'''

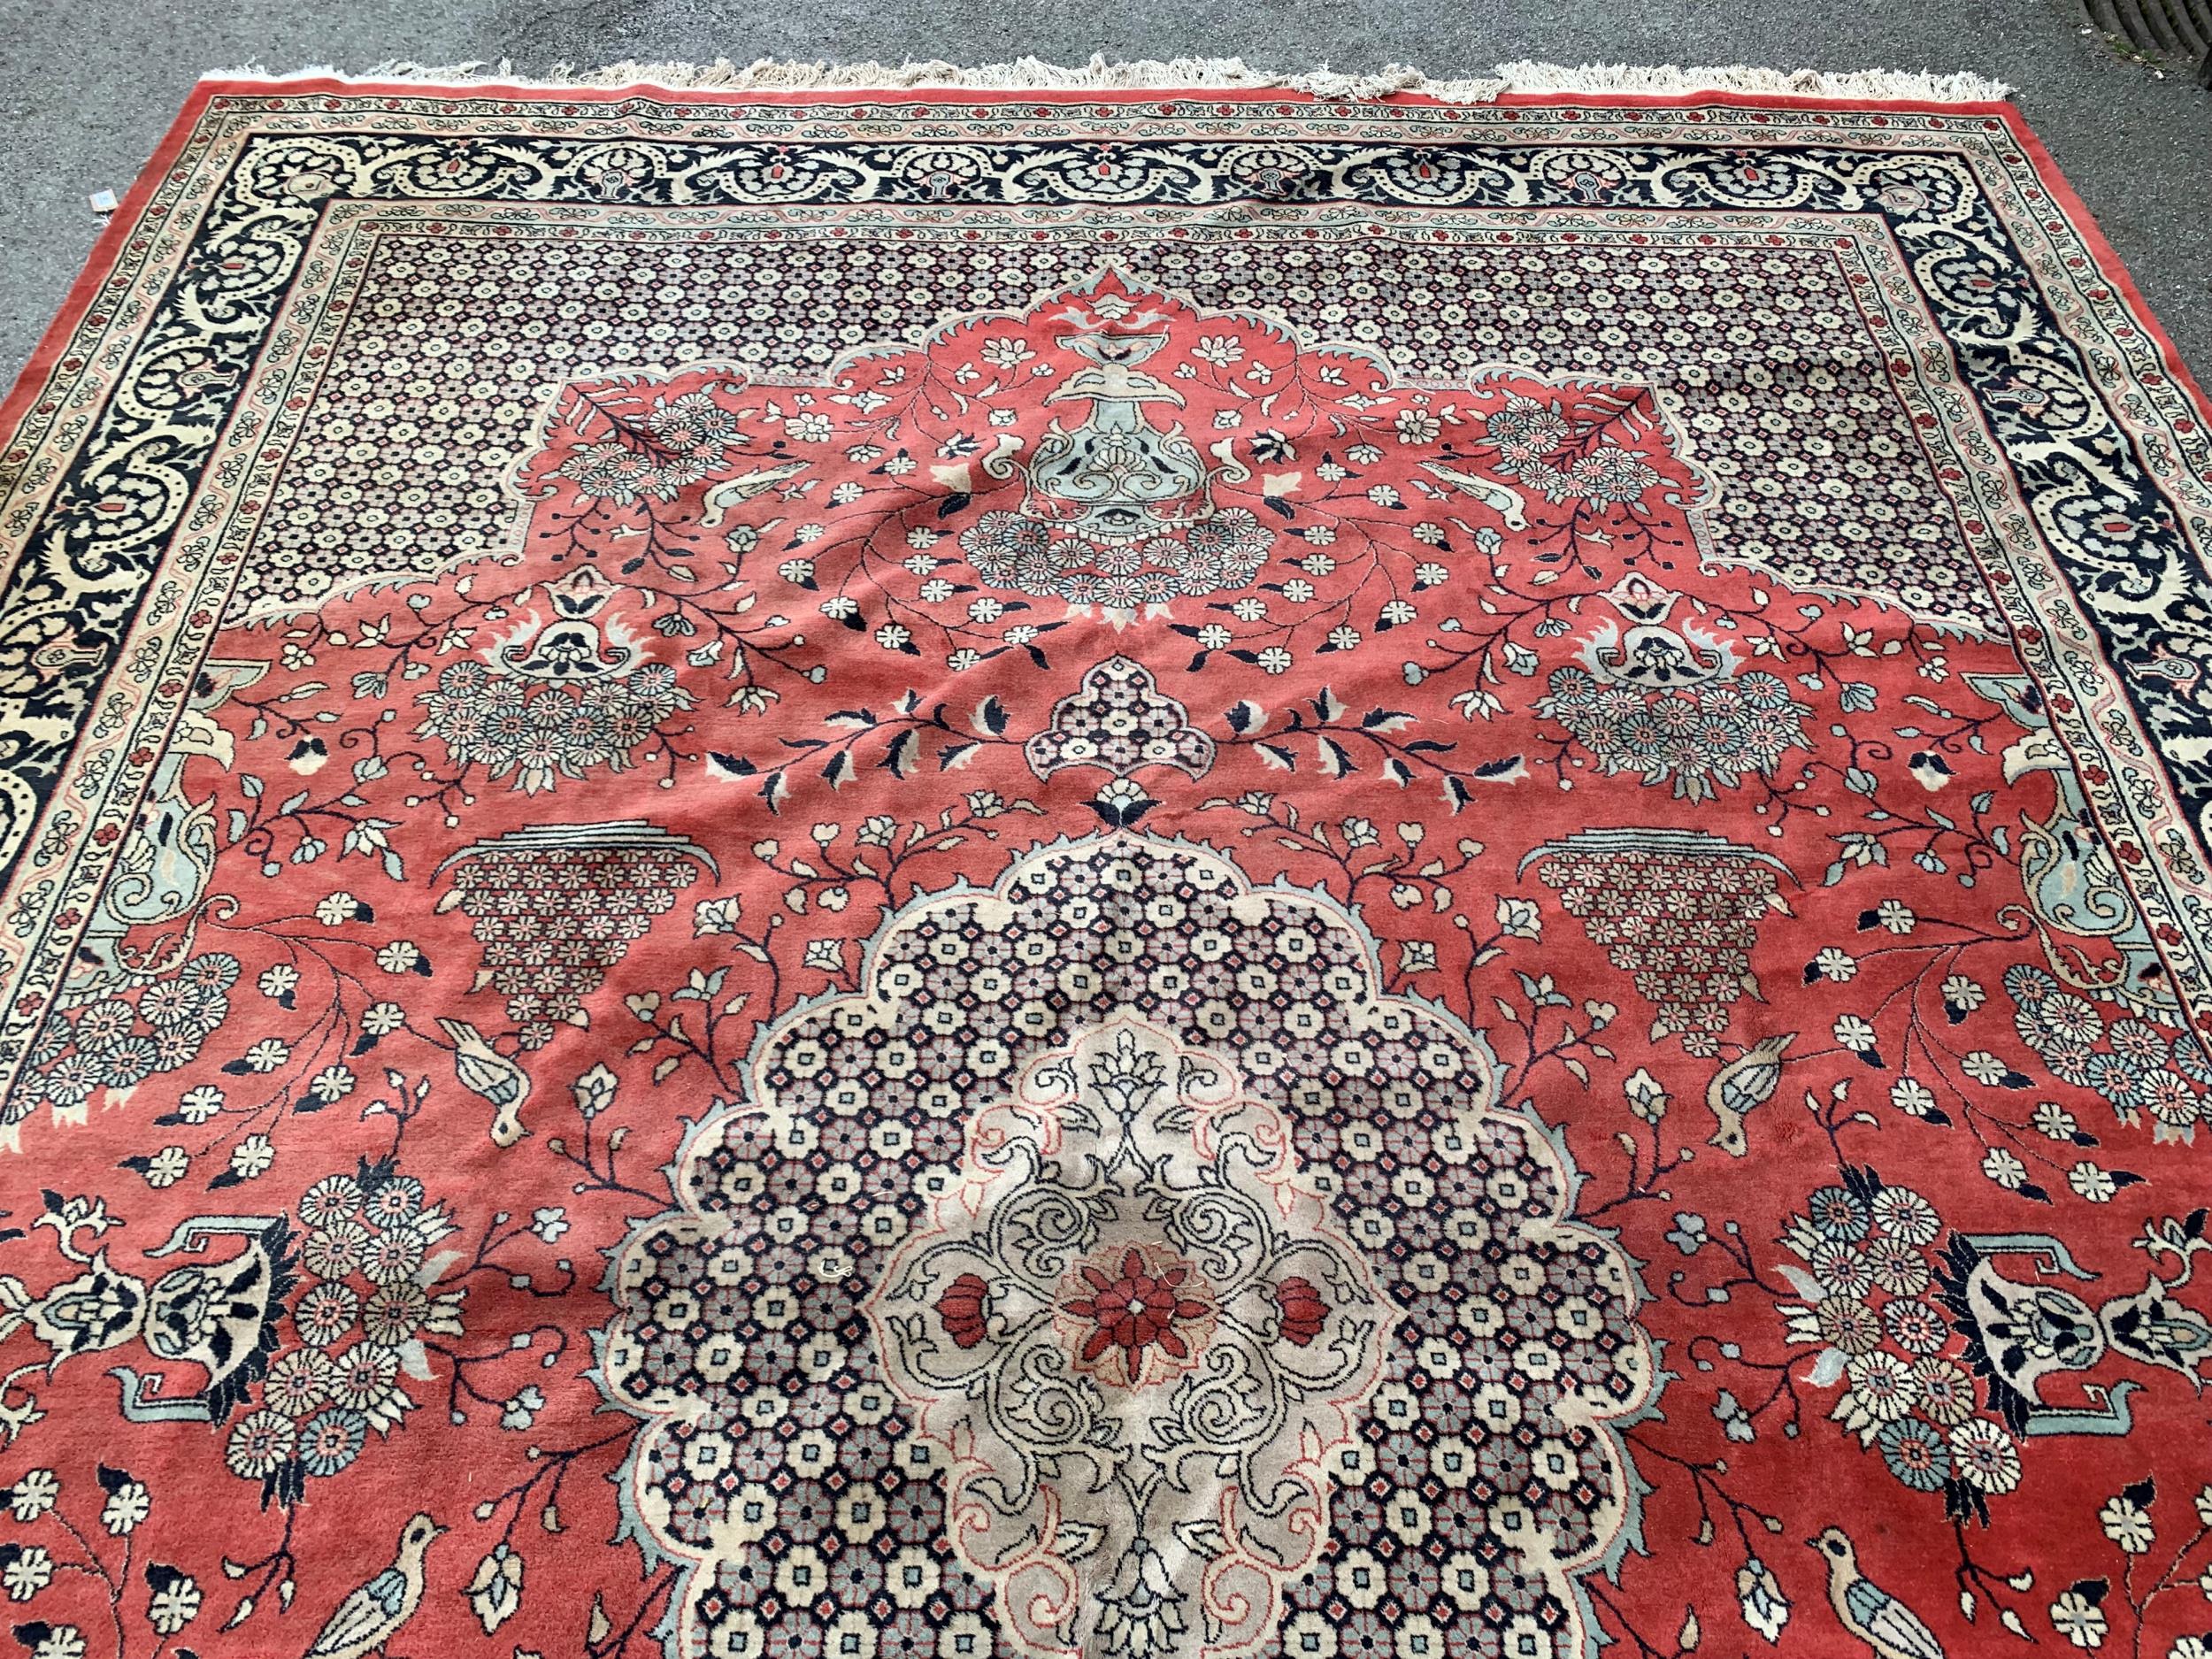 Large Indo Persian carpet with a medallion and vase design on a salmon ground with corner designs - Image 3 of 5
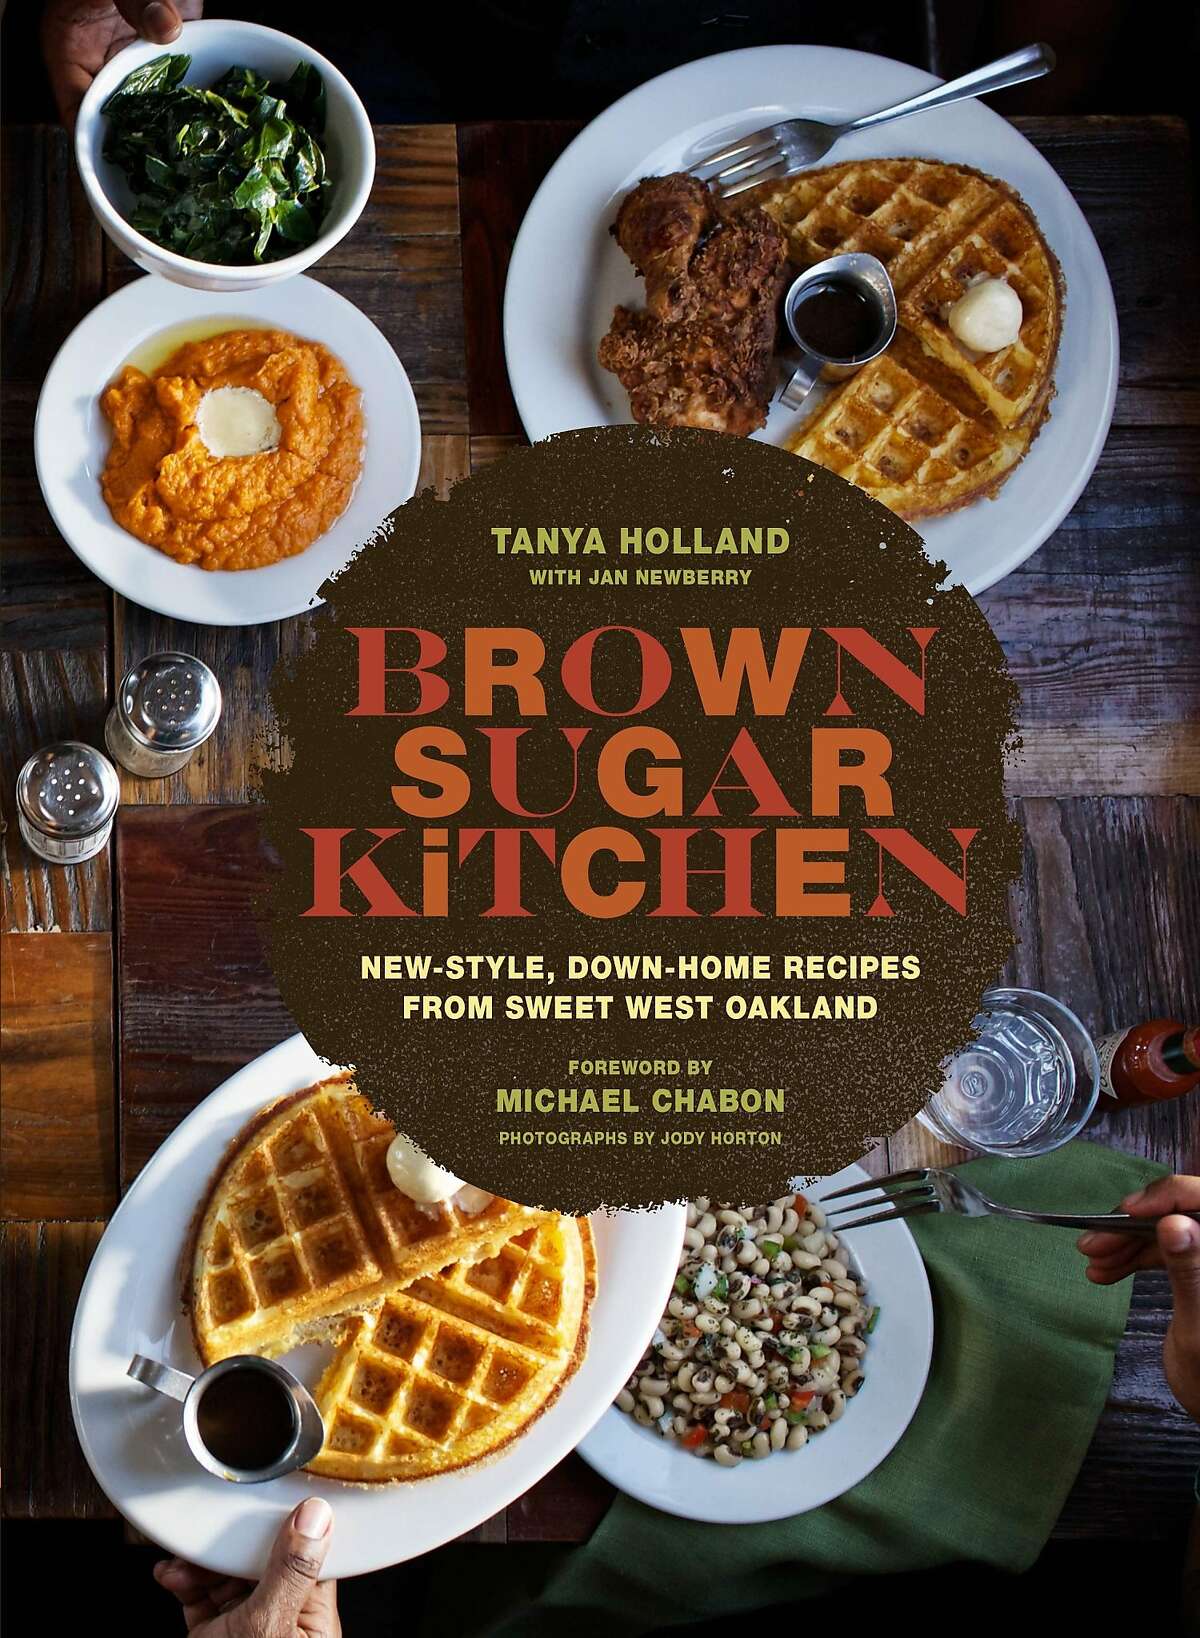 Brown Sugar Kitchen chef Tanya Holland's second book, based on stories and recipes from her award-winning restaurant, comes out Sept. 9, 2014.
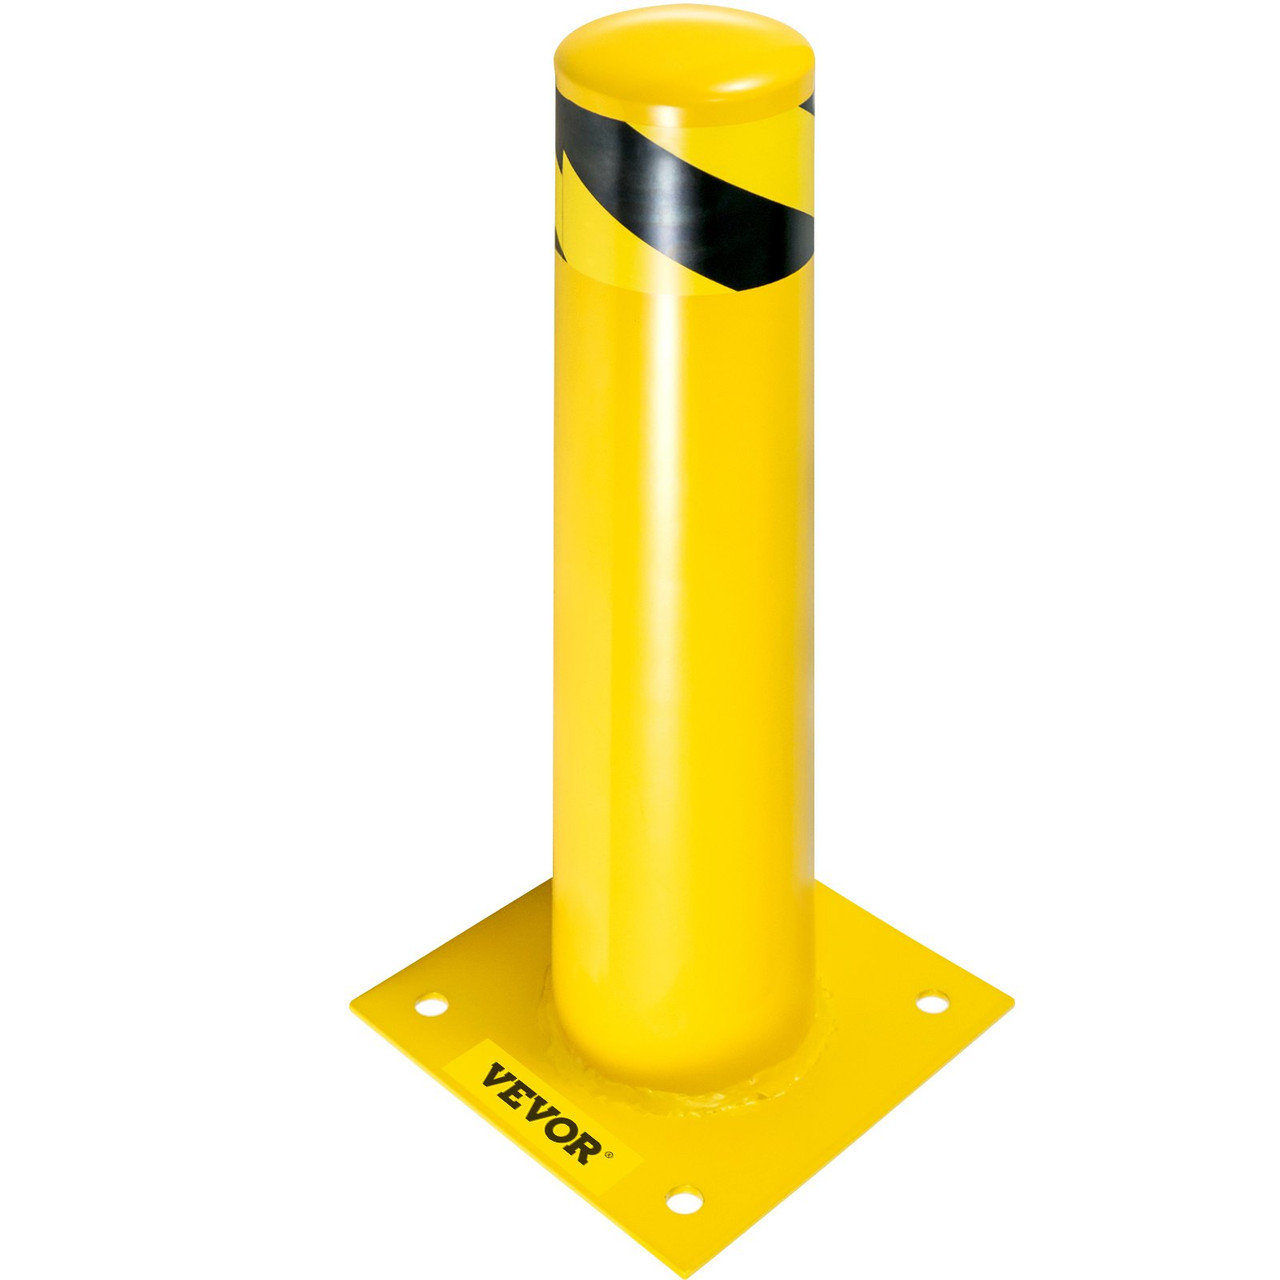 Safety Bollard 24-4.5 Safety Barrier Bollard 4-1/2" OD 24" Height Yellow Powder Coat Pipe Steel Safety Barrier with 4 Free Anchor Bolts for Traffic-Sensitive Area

'''

### Exercise aim
Return an exact copy of the data above, apart from any pictures.

### Response box
 Large Indo Persian carpet with a medallion and vase design on a salmon ground with corner designs - Image 3 of 5
 Brown Sugar Kitchen chef Tanya Holland's second book, based on stories and recipes from her award-winning restaurant, comes out Sept. 9, 2014.
 Safety Bollard 24-4.5 Safety Barrier Bollard 4-1/2" OD 24" Height Yellow Powder Coat Pipe Steel Safety Barrier with 4 Free Anchor Bolts for Traffic-Sensitive Area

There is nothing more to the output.